Tell us more. What happened to your first marriage and what happened to his if he had one.

Do you both work have kids etc. and your ages.

You must be doing something 'wrong' at least in his eyes.


----------



## Jellybeans (Mar 8, 2011)

So you say you have lost the spark, that you get along great but there's no emotional connection? That all seems very disjointed to me.

Usually if I am lacking an emotional connection with someone, I do not feel like we can be friendly or get along well...


----------



## treyvion (Apr 29, 2013)

Jellybeans said:


> So you say you have lost the spark, that you get along great but there's no emotional connection? That all seems very disjointed to me.
> 
> Usually if I am lacking an emotional connection with someone, I do not feel like we can be friendly or get along well...



Well it may feel like this but you could choose to be responsible to each other.
_Posted via Mobile Device_


----------



## Mavash. (Jan 26, 2012)

Not enough details.

Was there ever a spark? When did it stop? Do you know how to communicate without making him defensive?


----------



## onestepatatime (Oct 23, 2013)

We felt like we had lost our spark a while back. We have worked on it and go on date nights and generally go back to the basics. After marriage, we tend to get caught up in everyday life and lose touch with "us". It worked for us.


----------



## Golie (Mar 14, 2015)

I dated my husband for two years. I saw a couple red flags except ignored them because overall everything was good.

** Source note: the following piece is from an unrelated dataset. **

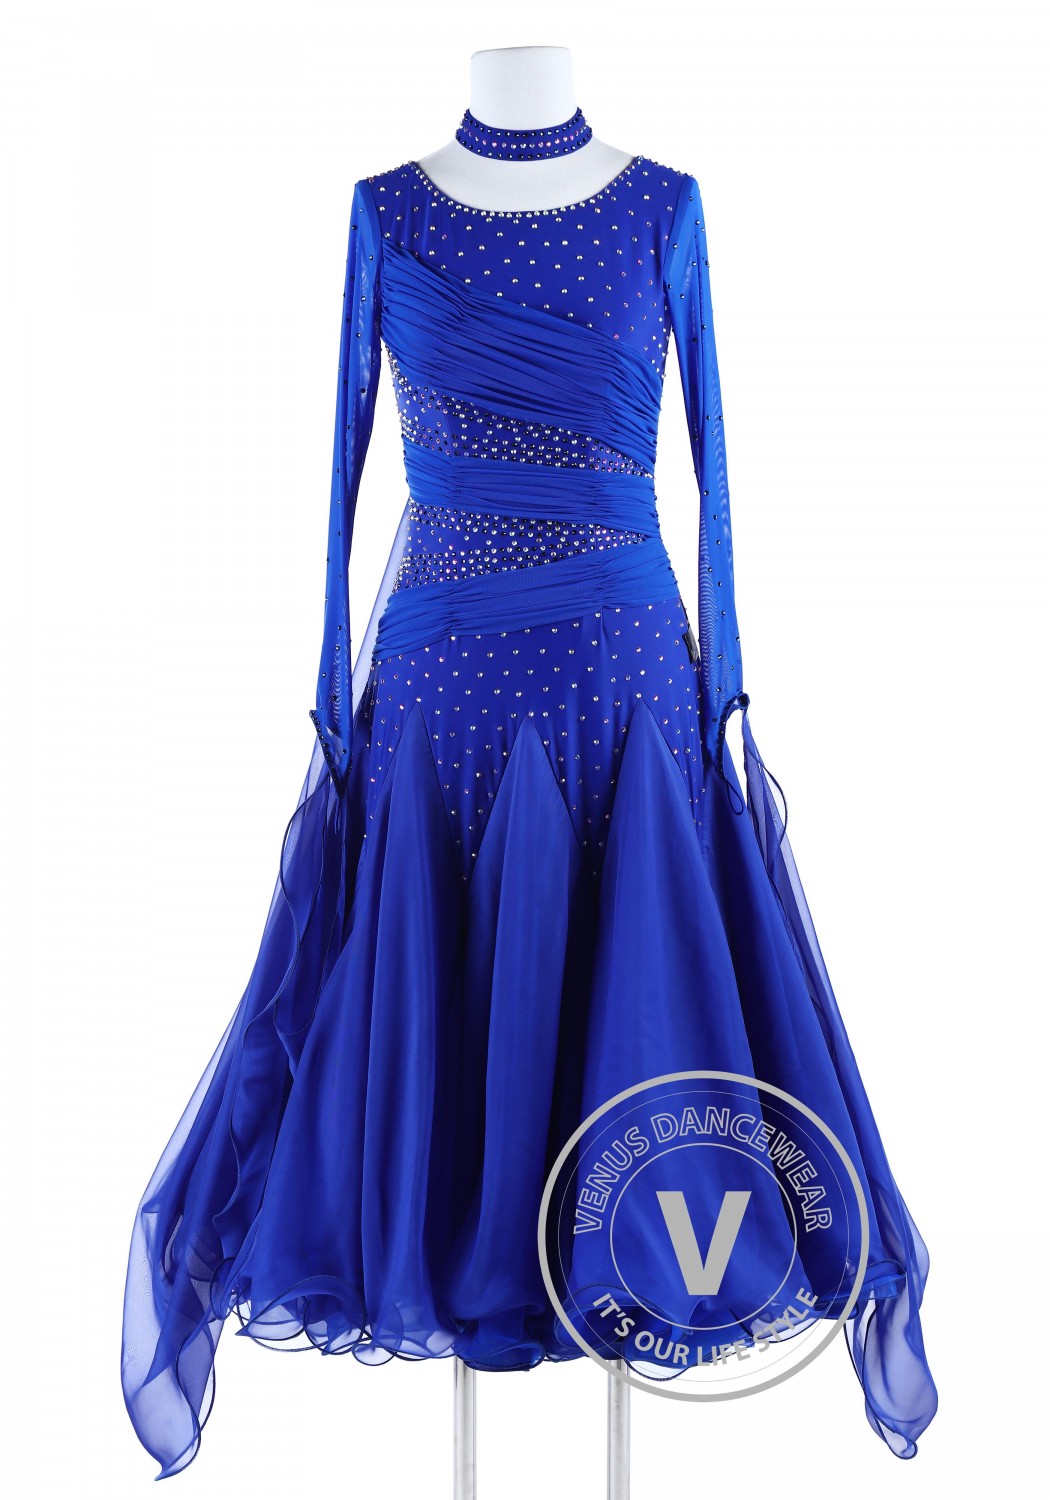 Starry Sky Standard Waltz Quickstep Foxtrot Dancing Dress

The day after we got married i relized that there where serious issues. i truly beleived that after i brought these concerns up with mu husband that we woukd work together as a team to solve them...... now almost 13 years later those same issues are still there. at first i brought them up calmly and rationally and had every confidence that things would work out. when that didn't solve anything i cried, then the cryin turned to begging, then the begging turned to anger then the anger turned to resentment and now i am numb. i have lost all hope of anything ever being diffetent and i feel trapped. my husband is a wonderful providet ( always has been ) he is highly educated, genourous, kind and thoughtful in many many ways. the red flags during our dating years was evidence of pornography and passive aggressive. these two things have destroyed healthy comunication and emotional intimacy to nothing and thetefore destroyed. i wish i would have paid attention to things more when we dated. i found out about dishinest things afger we married. its terrible. he tries to keep me by using money and social power. i want out.


----------